I have a multi-tenant database that is organized where each tenant’s data is stored in separate schemas. Each tenant has a type associated with it and there are discreet number of tenant types. Within each schema, raw data is landed inside the database and the structure of that raw data is dependent on the tenant type.
For example, tenant 1 may have tables tenant_1_table_1
and tenant_1_table_2
, and tenant 2 may have tables tenant_2_table1
and tenant_2_table_2
. While tenant_1_table_1
and tenant_2_table_1
may be similar they have different field names but can be remapped to represent similar data. Likewise tenant_1_table_2
and tenant_2_table_2
are similar but with different fields and can be mapped to become similar entities.
Ideally I’d like to transform the tables of tenant 1 and tenant 2 into more generic table_1
and table_2
for both tenant 1 and tenant 2. Extend this example to many tens of tenant types and hundreds of different tenants.
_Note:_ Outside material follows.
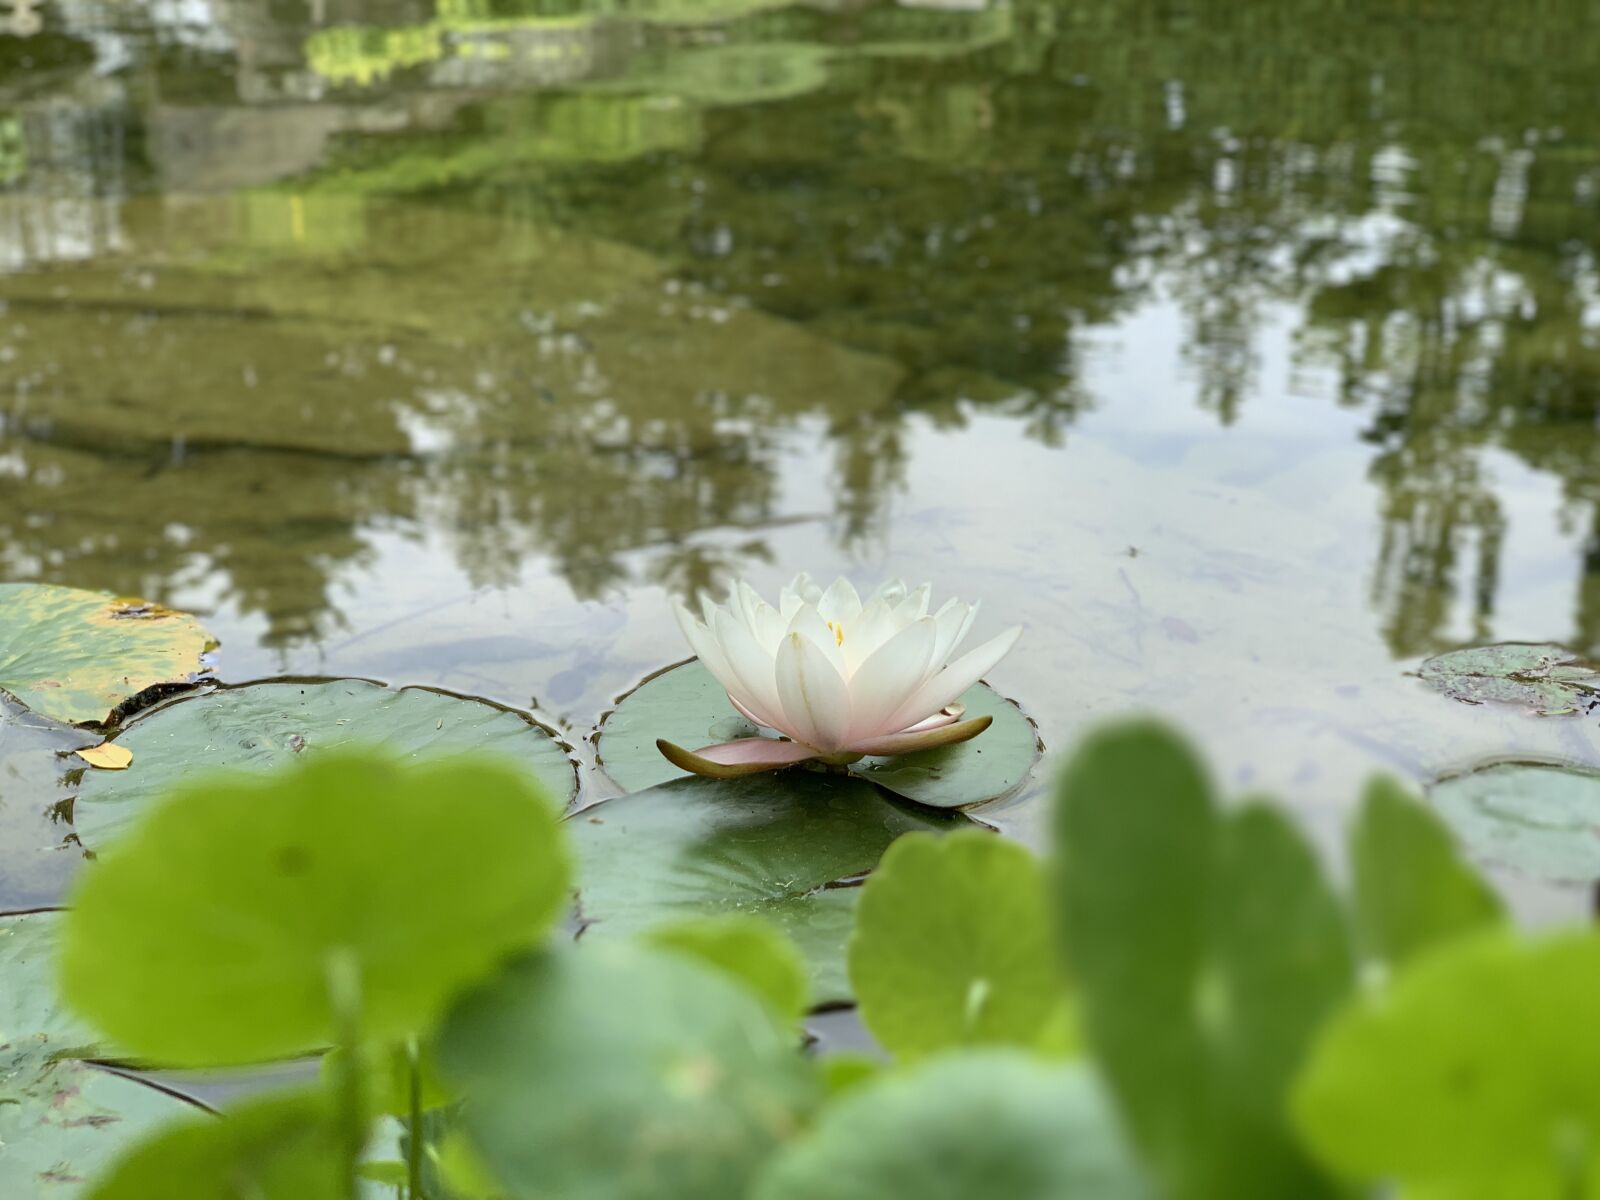 Apple iPhone XS Max + iPhone XS Max back dual camera 6mm f/2.4 sample photo. Water lily, lily pad photography

To achieve this I’d like to apply a different set of transforms to tenants in order to reach table_1
and table_2
.
How would one go about structuring such a dbt project while minimizing duplication of models? Once all the data is in the generic tables the downstream structure is easy but I don’t see a good strategy for conditionally applying certain models to certain tenants to get a unified data layout.
Some ideas that I’ve thought of:
- Create separate dbt projects per tenant type and symlink in the common models into each project
- Write macros that will dynamically inject source models into the common models
- Use variables somehow to redirect
ref
based off of tenant type
Are there best practices on how to approach such a problem?